Doug Sartori says he remembers casting his ballot in the 2018 municipal election at a polling station that was just blocks away from his home in Ward 1.
But this October, that same polling station may no longer be open.
That’s according to a City of Windsor map which suggests the number of polling stations where the general public can cast their ballots in the 2022 election will be limited to just three per ward.

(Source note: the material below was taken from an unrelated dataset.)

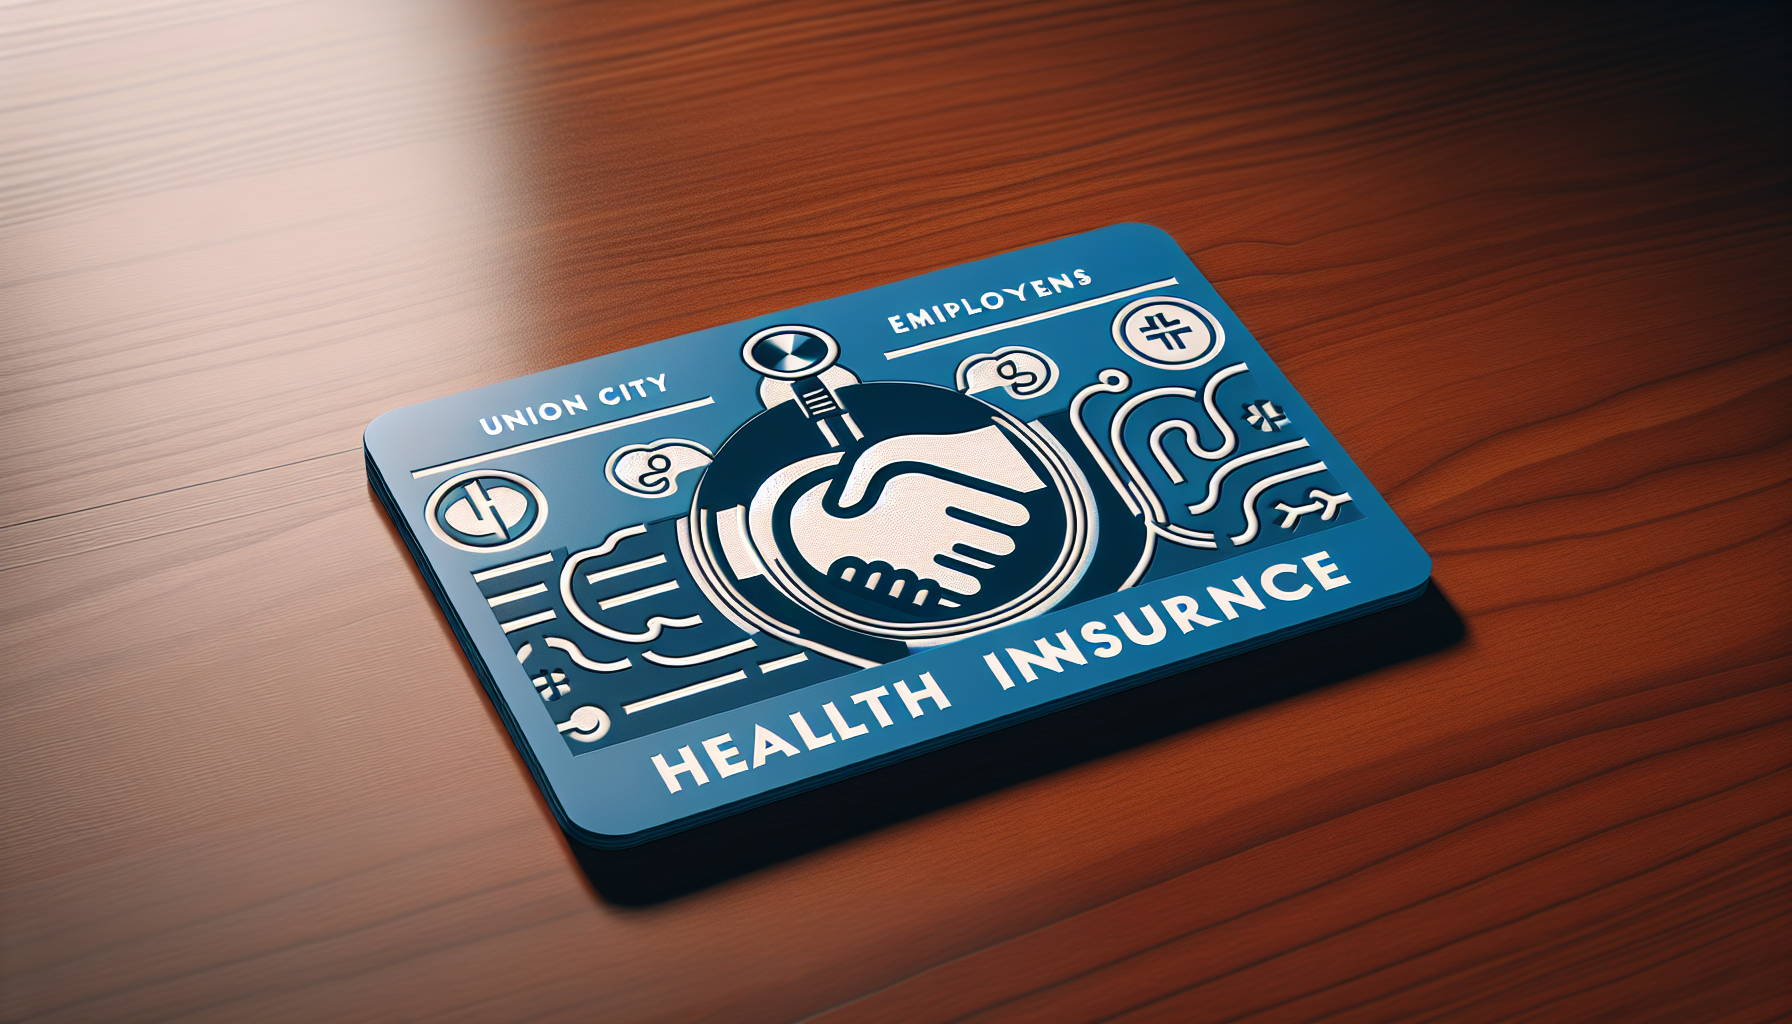 A healthcare insurance card with the text 'Health Insurance' for Union City employees

“In an electoral campaign world, we know that the most valuable doors that you want to hit as a candidate are the doors that are closest to polling places,” said Sartori, a panellist on the Rose City Politics podcast.
“Having a polling place near where you are has a huge impact on people’s motivation to get out and vote,” he said.
Comparatively, the 2018 municipal election saw each ward have between six and nine polling stations each.
Sartori said after looking at the polling station map — which appears to have been last updated on April 29 but remains on the city’s website in its current form as of Thursday — his immediate concern was voting access.
“Voter participation is a key component of democracy…I am concerned that that we will see a diminished turnout in this upcoming election,” he added.
But according to Terri Knight Lepain, manager of elections and records for the City of Windsor, the map that is currently on the city’s website has not been finalized.
“Most likely, there will be a slight decrease in locations. But again, we’re constantly reviewing the list, looking for the best locations,” she said, adding the city has “plenty of time to assess options” before the Oct. 24 vote.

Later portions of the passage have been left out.